TRAINING_DATA = '/content/odsc-ml-drum/data/boston_housing.csv'

In [None]:
model_info = {
        "name": "Boston Housing Pricins",
        "modelDescription": {
            "description": "prediction price of home"
        },
        "target": {
            "type": "Regression",
            "name": "MEDV",
        }
}

In [None]:
# Create connected client
mlops_client = MLOpsClient(endpoint, token)

# Add training_data to model configuration
print("Uploading training data - {}. This may take some time...".format(TRAINING_DATA))
dataset_id = mlops_client.upload_dataset(TRAINING_DATA)
print("Training dataset uploaded. Catalog ID {}.".format(dataset_id))
model_info["datasets"] = {"trainingDataCatalogId": dataset_id}

# Create the model package
print('Create model package')
model_pkg_id = mlops_client.create_model_package(model_info)
model_pkg = mlops_client.get_model_package(model_pkg_id)
model_id = model_pkg["modelId"]

# Deploy the model package
print('Deploy model package')
deployment_id = mlops_client.deploy_model_package(model_pkg["id"],
                                                            DEPLOYMENT_NAME)

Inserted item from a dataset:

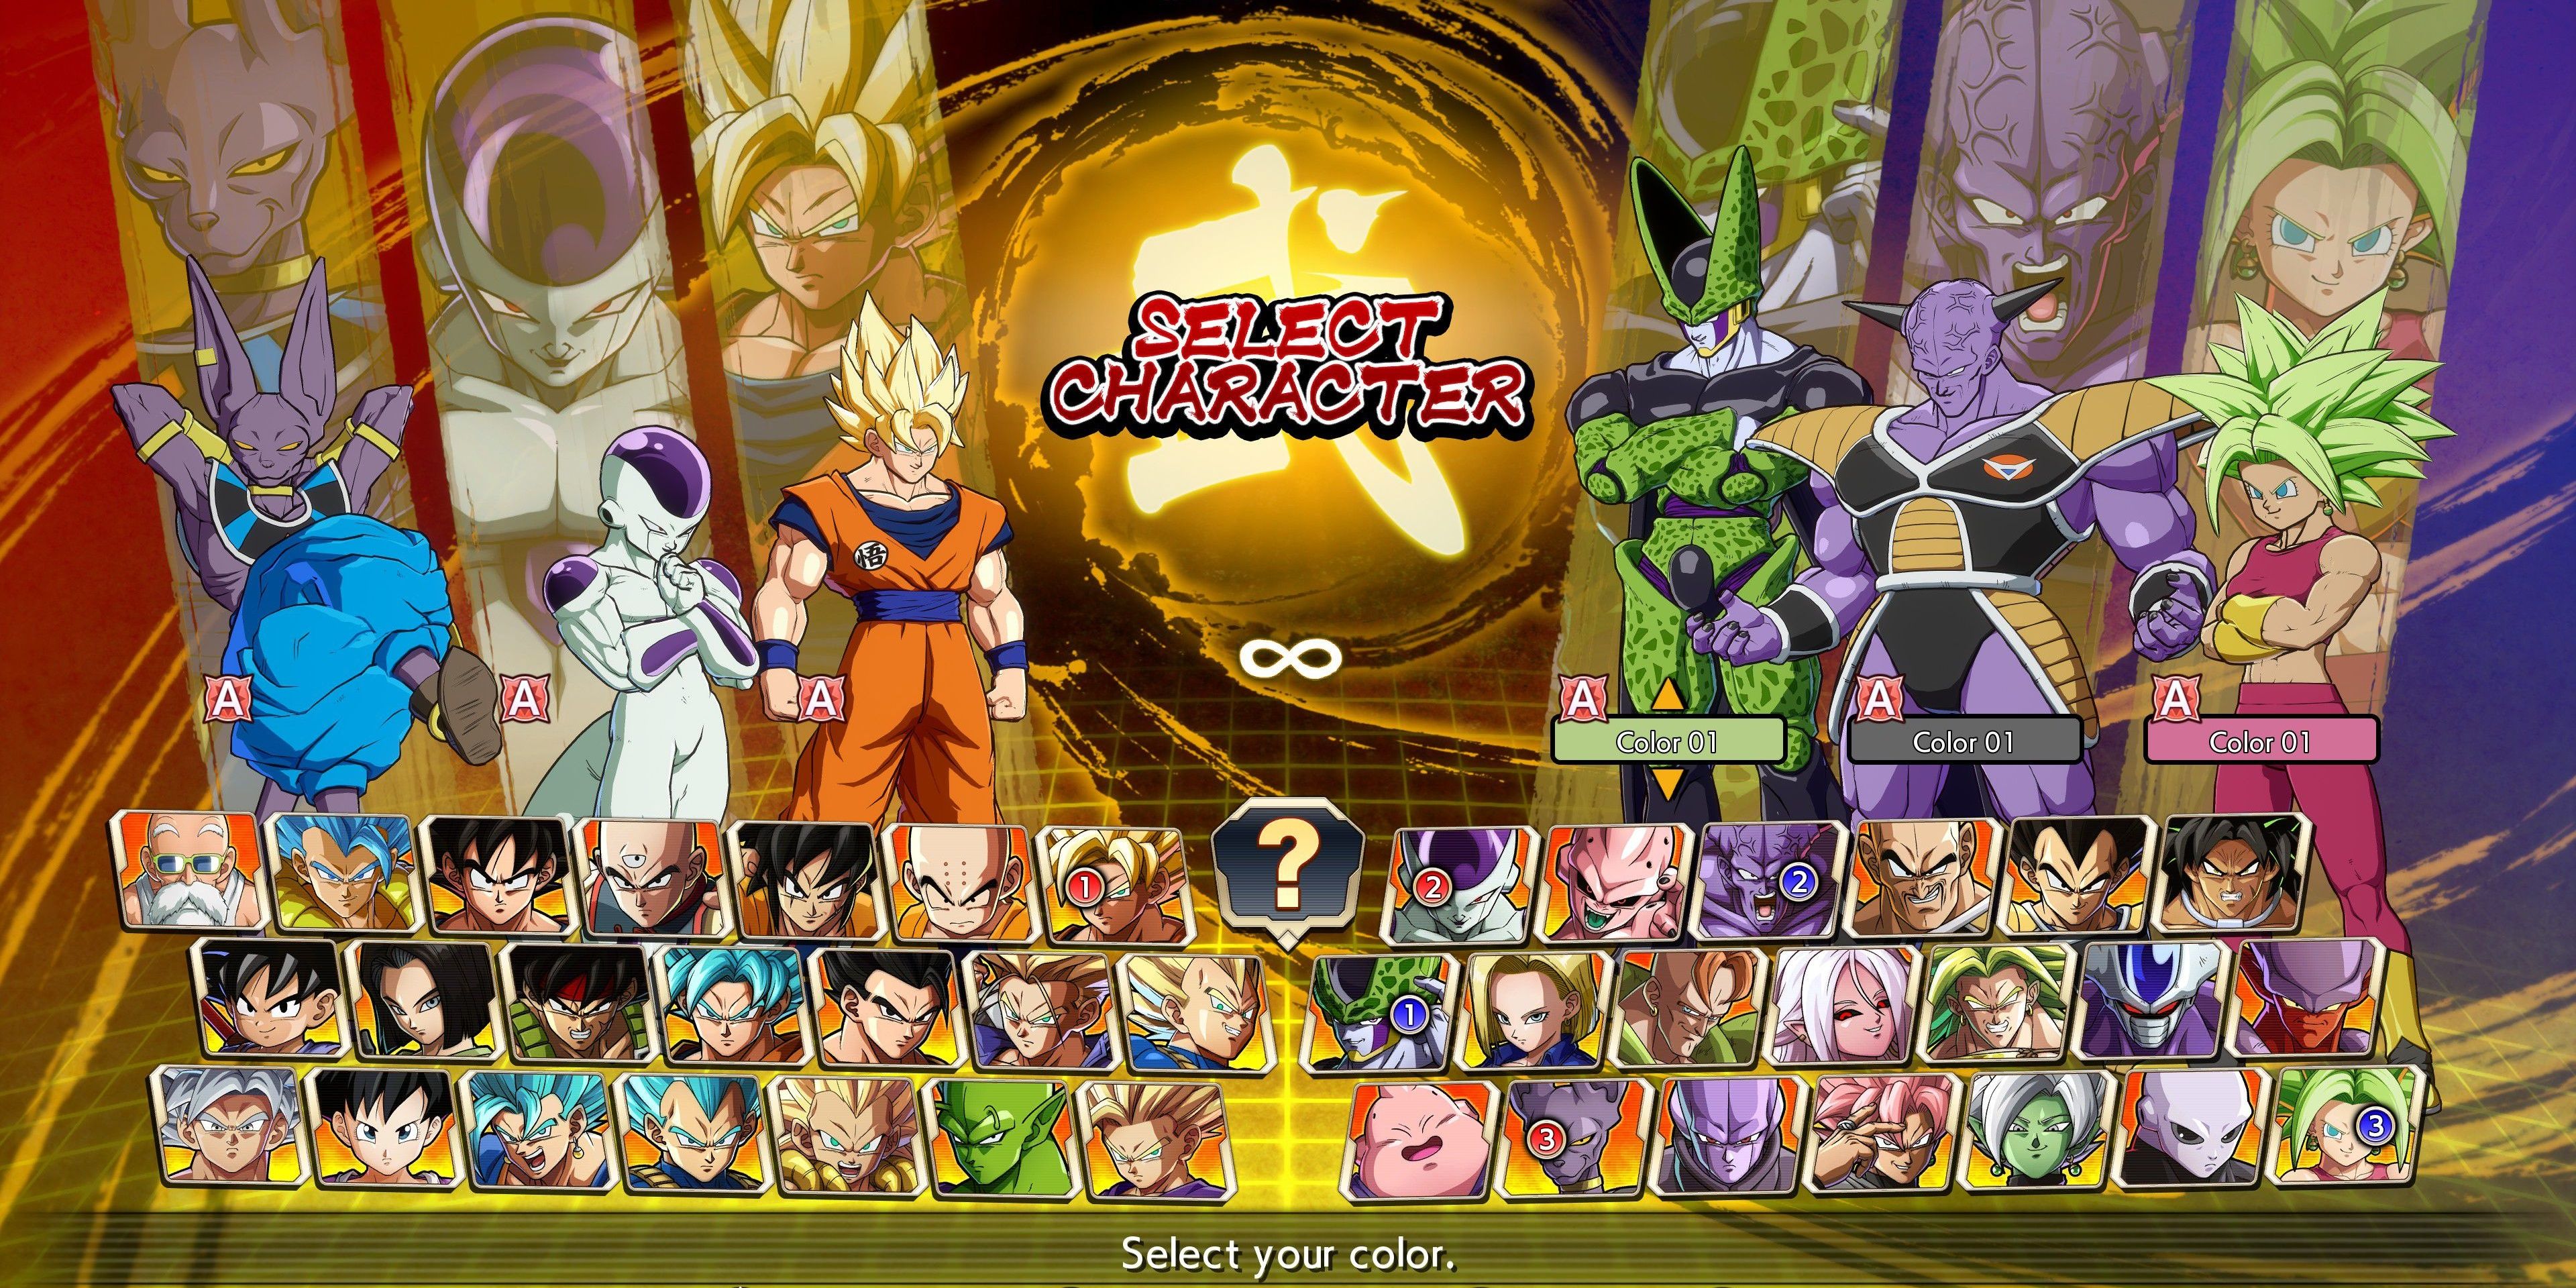 The roster screen in Dragon Ball FigherZ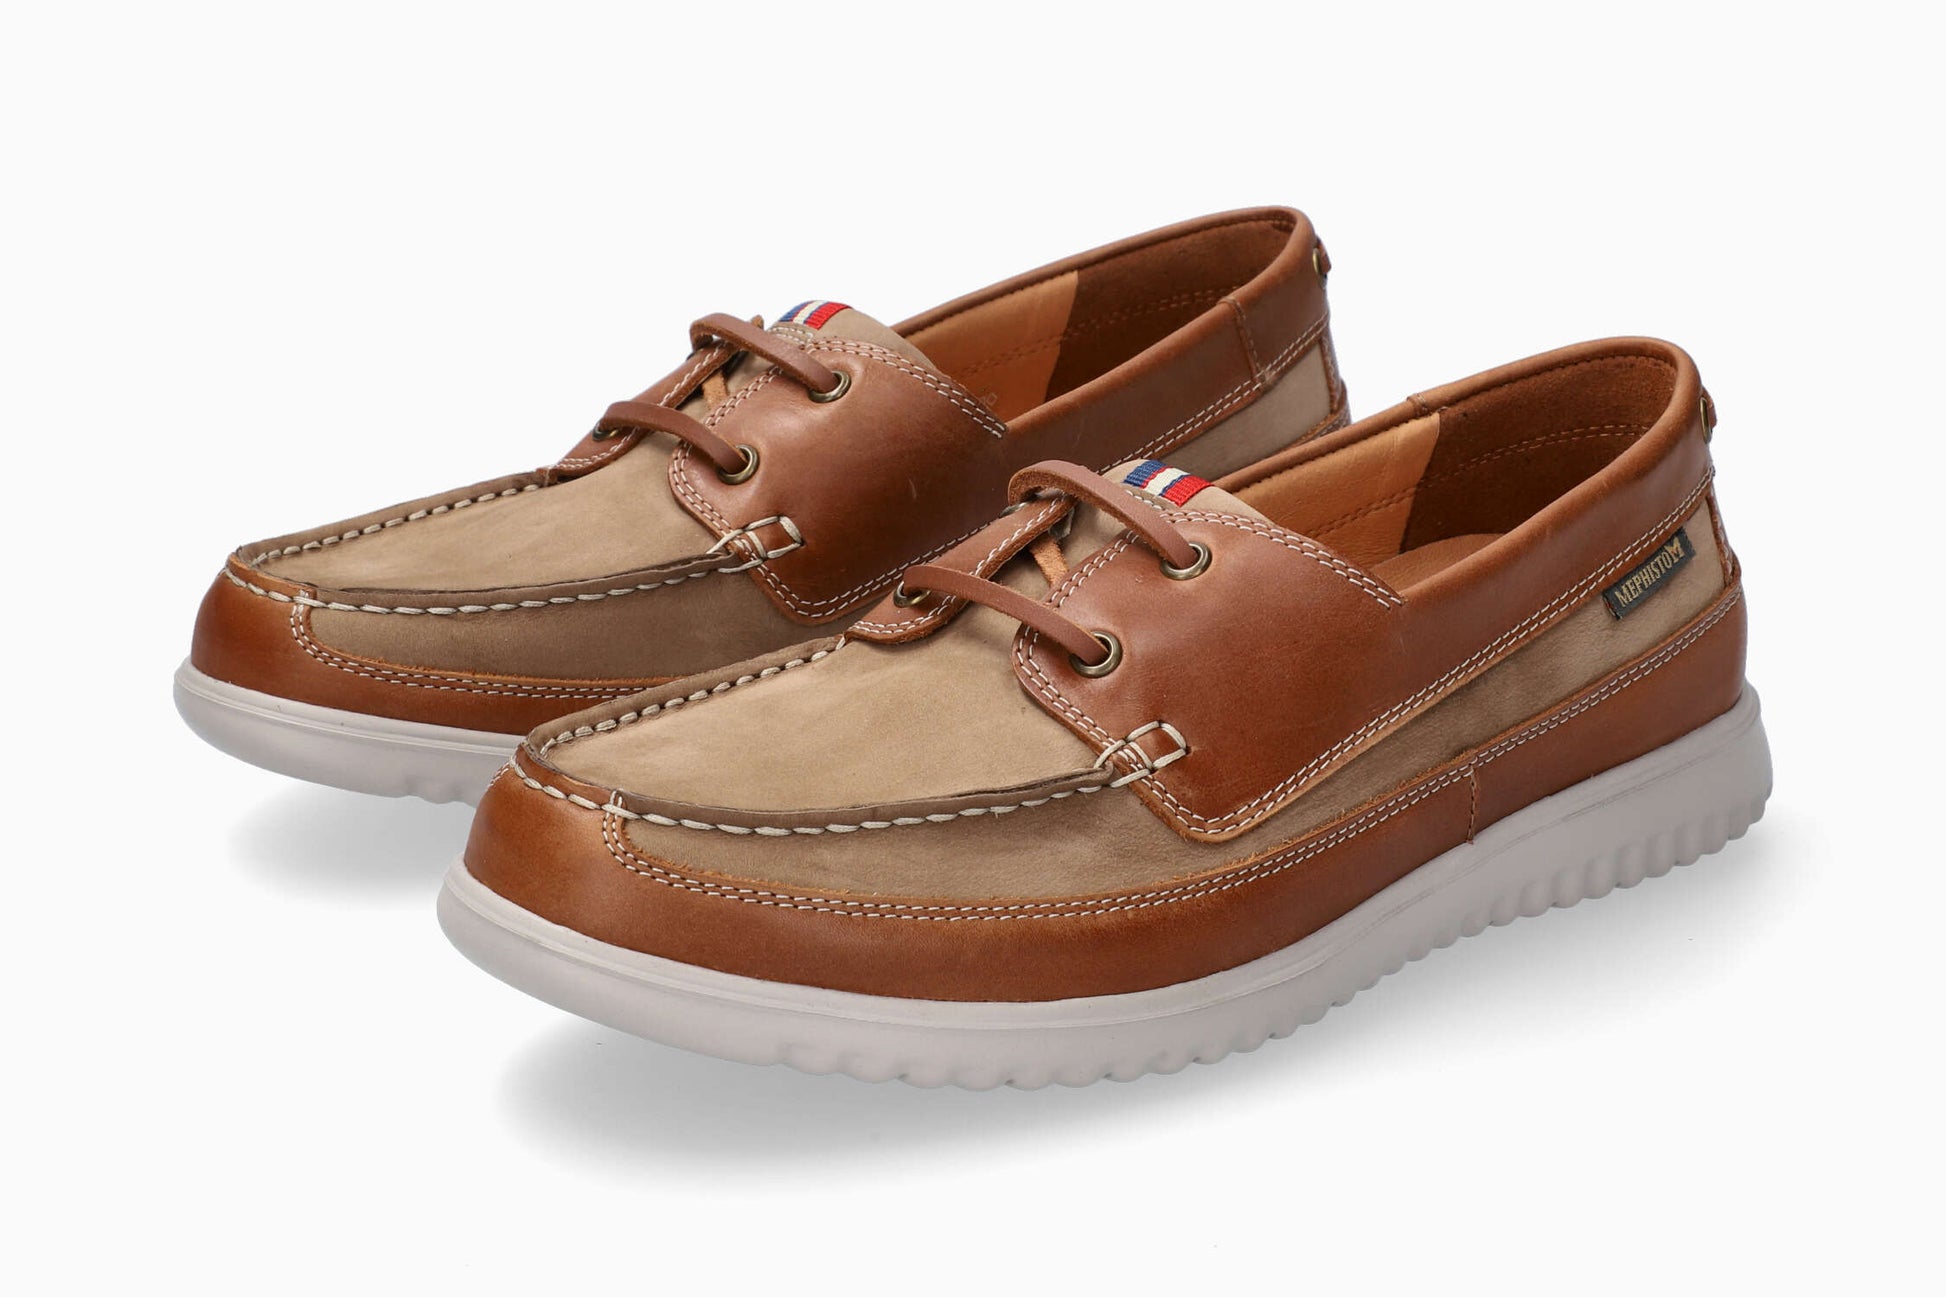 Mephisto Trevis Boat Shoe Taupe

# Enable data drift tracking
print('Enable feature drift')
enable_feature_drift = TRAINING_DATA is not None
mlops_client.update_deployment_settings(deployment_id, target_drift=True,
                                                  feature_drift=enable_feature_drift)
_ = mlops_client.get_deployment_settings(deployment_id)

print("\nDone.")
print("DEPLOYMENT_ID=%s, MODEL_ID=%s" % (deployment_id, model_id))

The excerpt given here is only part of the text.